Tag Archives: mining

Crisis Mapping Syria: Automated Data Mining and Crowdsourced Human Intelligence

The Syria Tracker Crisis Map is without doubt one of the most impressive crisis mapping projects yet. Launched just a few weeks after the protests began one year ago, the crisis map is spearheaded by a just handful of US-based Syrian activists have meticulously and systematically documented 1,529 reports of human rights violations including a total of 11,147 killings. As recently reported in this NewScientist article, “Mapping the Human Cost of Syria’s Uprising,” the crisis map “could be the most accurate estimate yet of the death toll in Syria’s uprising […].” Their approach? “A combination of automated data mining and crowdsourced human intelligence,” which “could provide a powerful means to assess the human cost of wars and disasters.”
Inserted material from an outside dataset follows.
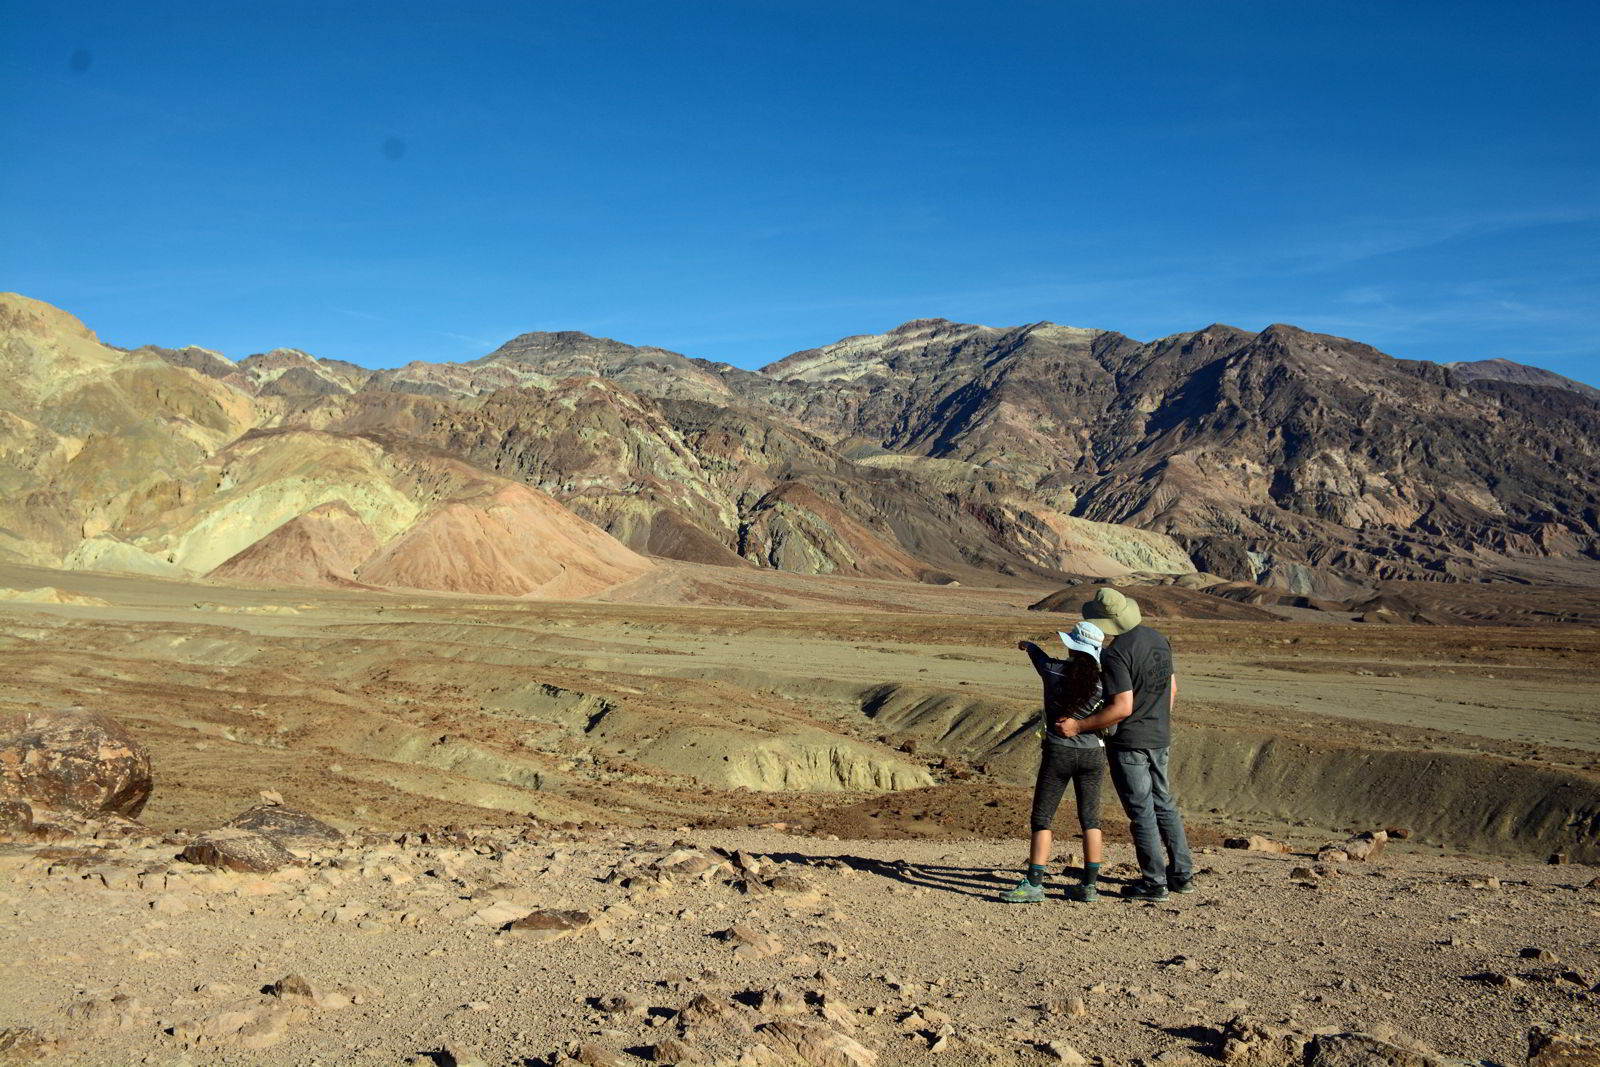 An image of a couple looking at the colors of the rock features at a point along the Artist's Drive in Death Valley National Park in California - Visiting Death Valley

On the data-mining side, Syria Tracker has repurposed the HealthMap platform, which mines thousands of online sources for the purposes of disease detection and then maps the results, “giving public-health officials an easy way to monitor local disease conditions.” The customized version of this platform for Syria Tracker (ST), known as HealthMap Crisis, mines English information sources for evidence of human rights violations, such as killings, torture and detainment. As the ST Team notes, their data mining platform “draws from a broad range of sources to reduce reporting biases.” Between June 2011 and January 2012, for example, the platform collected over 43,o00 news articles and blog posts from almost 2,000 English-based sources from around the world (including some pro-regime sources).
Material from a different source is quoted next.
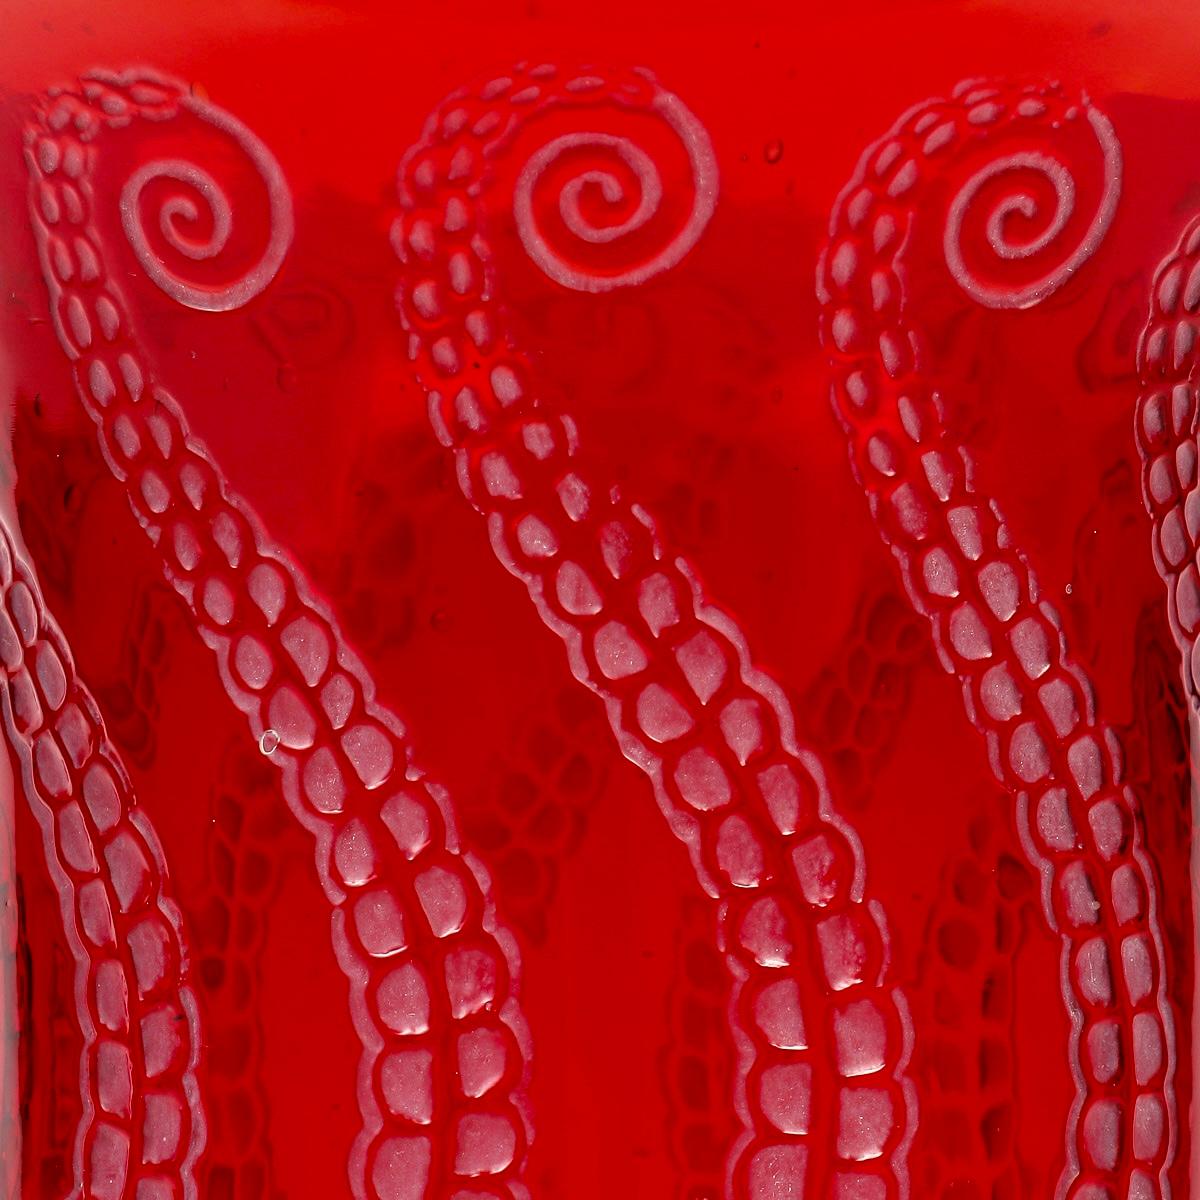 French 1921 Rene Lalique Vase Medusa Cased Red Glass with White Patina

Syria Tracker combines the results of this sophisticated data mining approach with crowdsourced human intelligence, i.e., field-based eye-witness reports shared via webform, email, Twitter, Facebook, YouTube and voicemail. This naturally presents several important security issues, which explains why the main ST website includes an instructions page detailing security precautions that need to be taken while sub-mitting reports from within Syria. They also link to this practical guide on how to protect your identity and security online and when using mobile phones. The guide is available in both English and Arabic.
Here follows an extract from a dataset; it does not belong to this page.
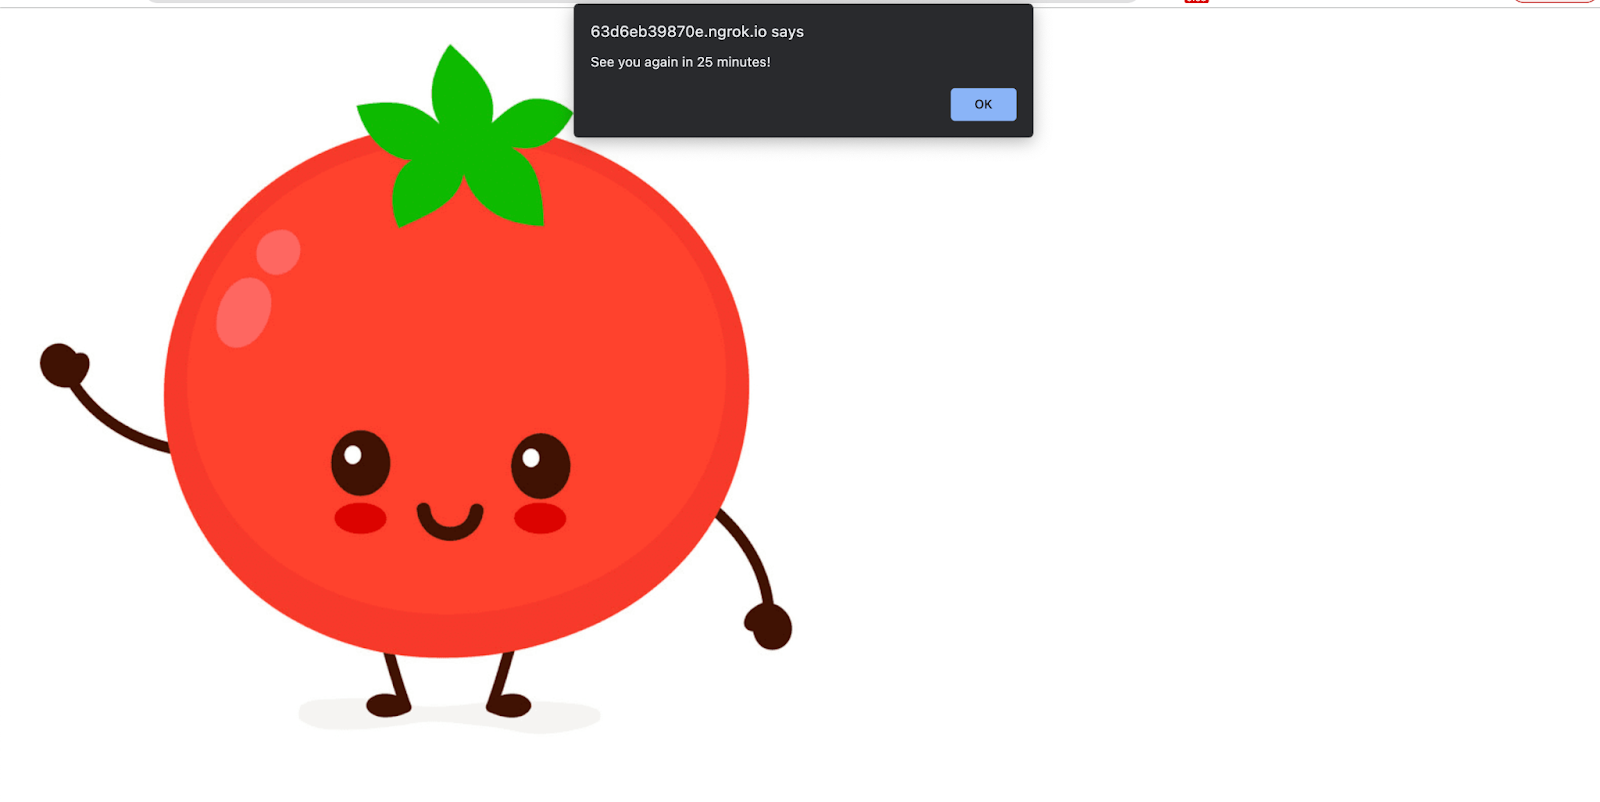 screenshot of webpage with giant tomato and alert message

Eye-witness reports are subsequently translated, geo-referenced, coded and verified by a group of volunteers who triangulate the information with other sources such as those provided by the HealthMap Crisis platform. They also filter the reports and remove dupli-cates. Reports that have a low con-fidence level vis-a-vis veracity are also removed. Volunteers use a dig-up or vote-up/vote-down feature to “score” the veracity of eye-witness reports. Using this approach, the ST Team and their volunteers have been able to verify almost 90% of the documented killings mapped on their platform thanks to video and/or photographic evidence. They have also been able to associate specific names to about 88% of those reported killed by Syrian forces since the uprising began.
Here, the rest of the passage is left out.